It is estimated that over 80% of employers conduct background checks on potential candidates that they are looking to hire, and some of these background checks now include social media checks on Facebook, LinkedIn and Twitter accounts. Almost everyone is on Facebook these days, and while it’s great for your personal life and for keeping in contact with friends and acquaintances, I am finding that it is becoming more and more detrimental to candidates’ job searches.
Companies conduct background checks in order to try to paint an accurate picture of who you really are and to avoid negligent hiring. They want to hire people they can trust to represent the company, and what better way to find out about “the real you” than through social media sites.
Facebook is an interesting (and free) way for employers to check up on you. Not only can they see your basic information, but they can also see your photos and what you discuss with other people on your wall. They can see what networks you belong to and even where you work. For the most part, companies don’t care about how you spend your free time – as long as it’s legal. What they are looking for are racist remarks (not only by you, but also by people who post on your page), sexually explicit photos or videos, and flagrant displays of illegal activity. Any signs of these will raise red flags to anyone performing your background check, and this can hinder your chances at securing your job.

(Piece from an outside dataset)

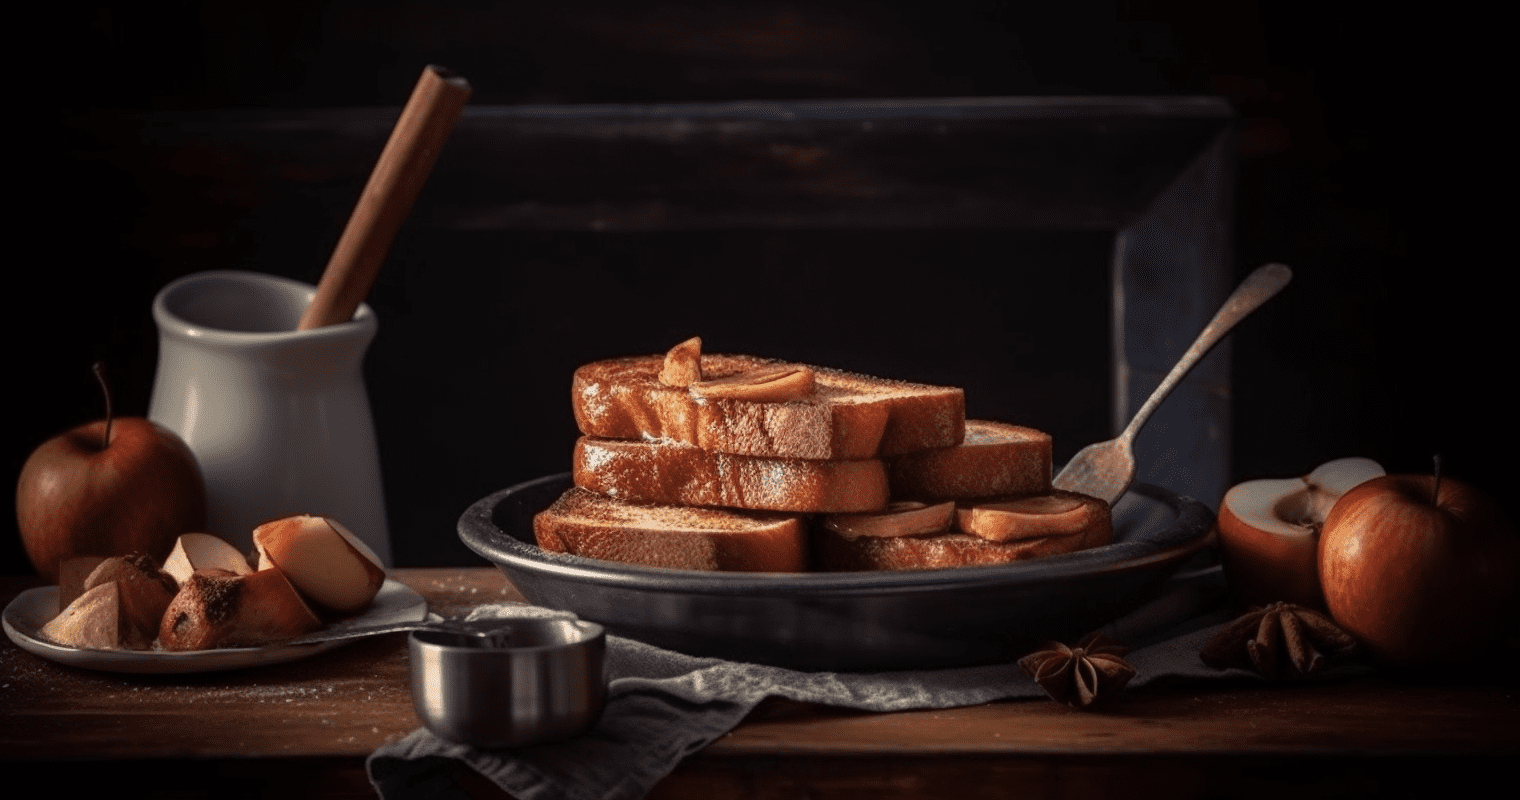 Apple Cinnamon French Toast Cooking Instructions

You don’t need to panic and start deleting all of your photos and wall posts right away… especially if you don’t think you have anything to worry about. To start with, what you can do is check – and frequently recheck – your privacy settings on these sites. You might think that your privacy settings are all turned on, but the truth is that many social media sites update and reset these settings on a regular basis, and you might not even know that yours have accidentally been switched off.
The most important thing you can do is be more aware of what you have on your social media sites and go from there. Go through your photos (yes, even from those college days) as you never know what you might find. Are there “questionable” photos of you? Are there inappropriate remarks somewhere on your page that might be taken the wrong way? If you have to think about it, un-tag yourself or delete it…it’s not worth the risk.